Histone deacetylases (HDACs) constitute a family of enzymes recognized as a promising target to reverse aberrant epigenetic states associated with tumors through the regulation of histone acetylation levels (9). HDAC inhibitors elevate acetylation levels within chromatin and treating tumor cells with HDAC inhibitors induces growth arrest or cell death (10). Among the HDAC inhibitors, vorinostat [suberoylanilide hydroxamic acid (SAHA)] stands as the U.S. first food and drug administration (FDA)-approved drug to be used in the treatment of cutaneous T-cell lymphoma (11,12). Additionally, HDAC inhibitors exhibit the capability to enhance transgene expression from both plasmid DNA transiently transfected into cells and transgenes stably transfected into the cell genome via histone acetylation (13,14). Following transfection into cells, plasmid DNA binds to histones in the nucleus, thereby impeding transgene expression through the limited accessibility of transcription factors to the plasmid DNA (13). In stably transfected transgenes, a relaxed chromatin structure becomes imperative for facilitating transgene expression via enhanced transcription factor accessibility (13). Therefore, HDAC inhibitors augment transgene expression by relaxing chromatin structure through histone acetylation.

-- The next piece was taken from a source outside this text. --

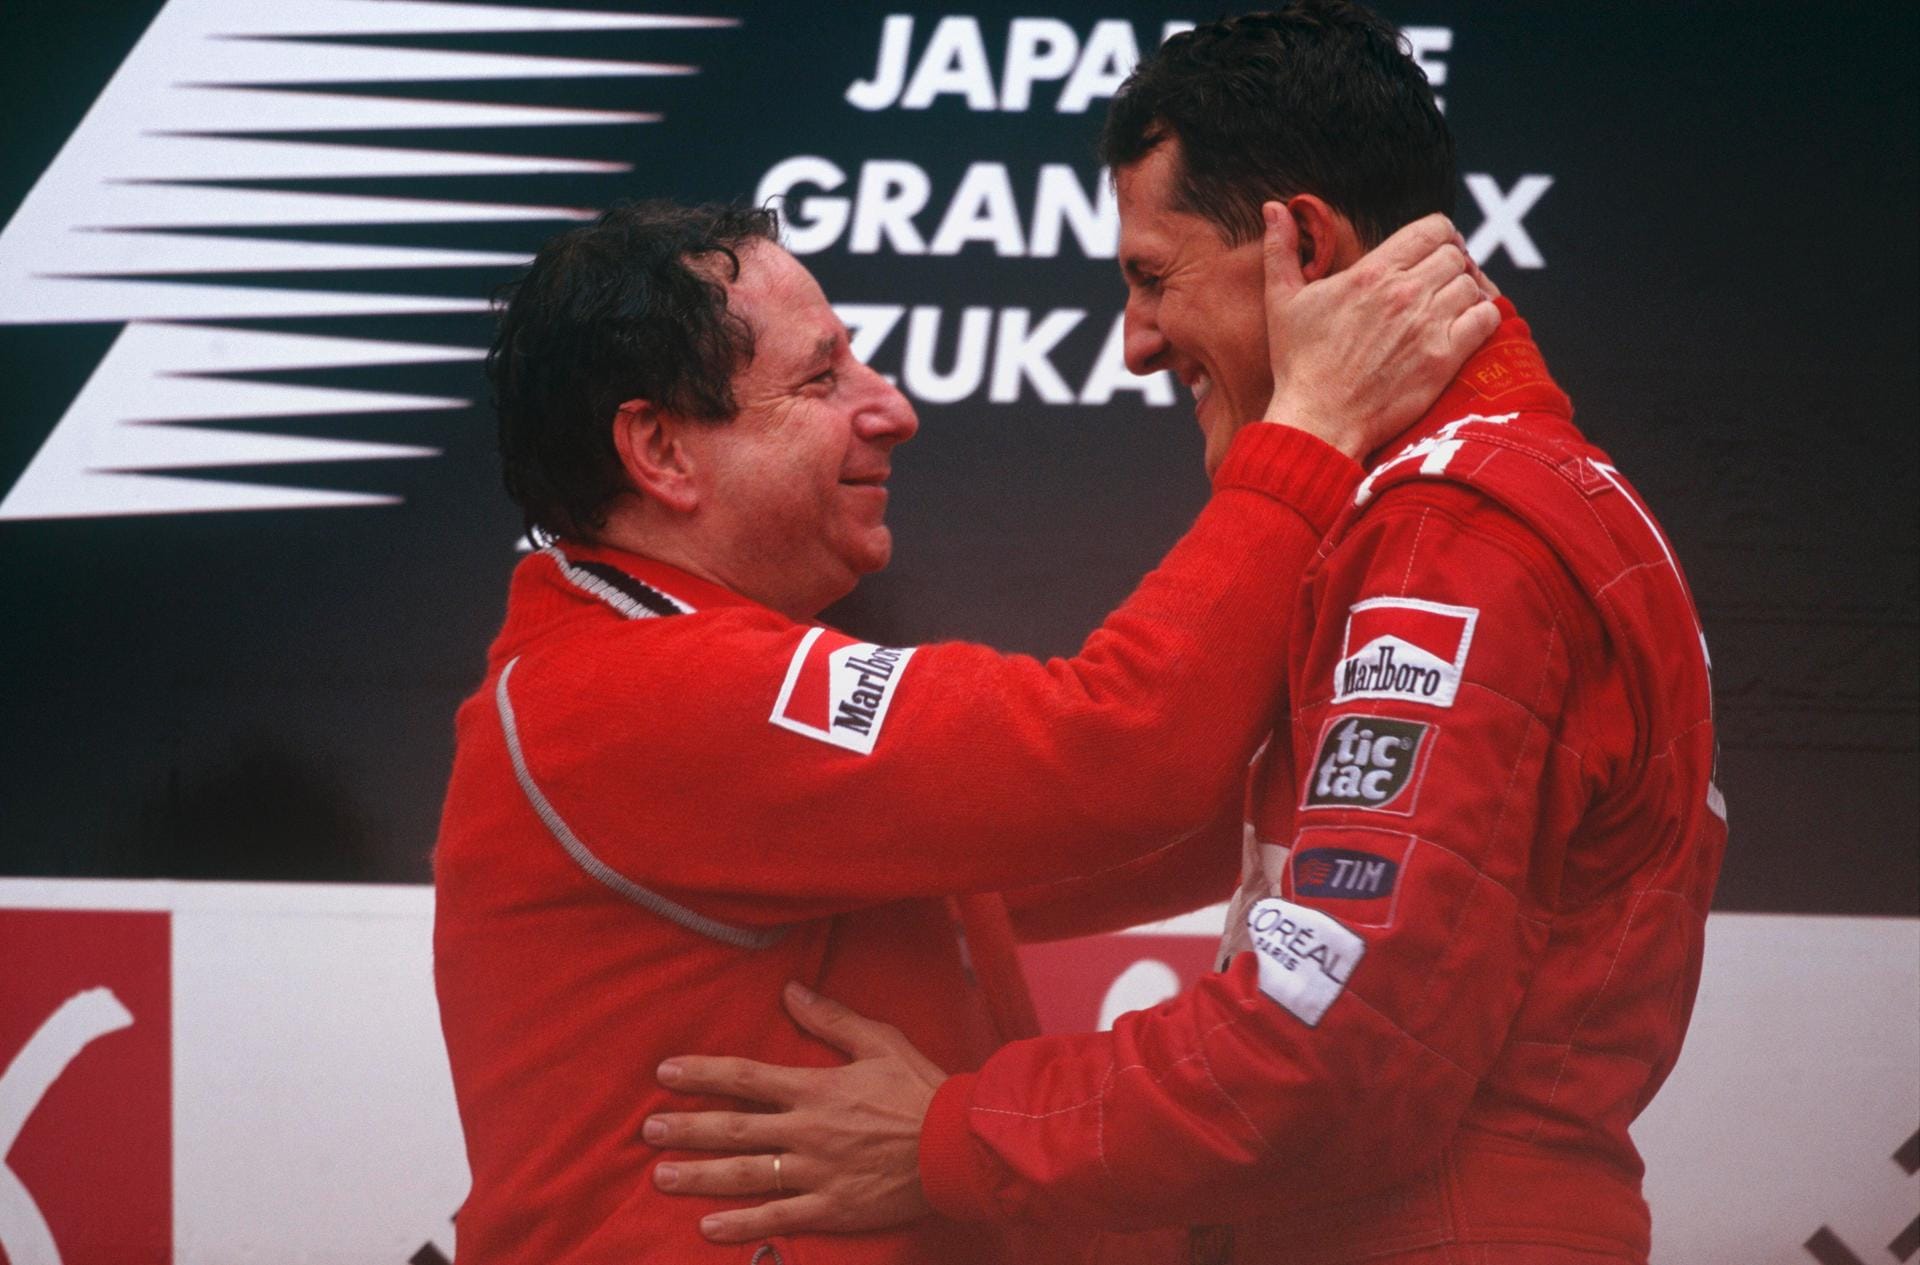 Jean Todt (l.): Der Ferrari-Teamchef und sein Schützling im Jahr 2000 auf dem Podest in Japan. In der Saison, in der das Foto entstand, gewann Schumacher am Ende seinen ersten WM-Titel mit Ferrari. Todt war selbst Rennfahrer und nahm 1993 den Posten bei der Scuderia an, 2008 gab er ihn wieder ab. Seit 2009 ist er Präsident der FIA.

However, to the to the best of the authors' knowledge, there remains a paucity of reports regarding the effects of HDAC inhibitors on protein expression from transfected mRNA. In the present study, to examine the effect of HDAC inhibitors on protein expression from transfected mRNA, mRNA lipoplexes were prepared for transfection into both tumor cells and mouse tissues and the effect of vorinostat on both in vitro and in vivo protein expression following the administration of mRNA lipoplexes was evaluated.

Materials and methods

Materials

DC-1-16 was obtained from Sogo Pharmaceutical Co., Ltd. DOPE and PEG-Chol (mean molecular weight of PEG: 1600) were purchased from NOF Co., Ltd. Vorinostat (SAHA) was purchased from Combi-Blocks, Inc. All the remaining chemicals were of the highest available grade.

mRNAs

Firefly luciferase (FLuc) mRNA [1929 nt; cat. no. L-7202; CleanCap FLuc mRNA (5 moU)] and enhanced green fluorescent protein (EGFP) mRNA (996 nt; cat. no. L-7601; CleanCap EGFP mRNA) were obtained from TriLink BioTechnologies. Cy5-labeled mRNA [1921 nt; cat. no. R1010; EZCap Cyanine 5 FLuc mRNA (5 moU)] was obtained from ApexBio Technology LLC.

Cell culture

Human cervical carcinoma HeLa cells (cat. no. 93021013; Cellosaurus; CVCL_0030) and human liver cancer HepG2 cells (cat. no. 85011430; Cellosaurus; CVCL_0027) were obtained from the European Collection of Authenticated Cell Cultures. HeLa-FLuc cells, stably expressing pGL3 FLuc (Bioware Cell Line HeLa-luc; Cellosaurus; CVCL_5J41), were obtained from Caliper Life Sciences, Inc. HepG2-FLuc cells, stably expressing pGL3 FLuc (cat. no. JCRB1592; Cellosaurus; CVCL_JG47) were purchased from the JCRB Cell Bank (National Institutes of Biomedical Innovation, Health and Nutrition).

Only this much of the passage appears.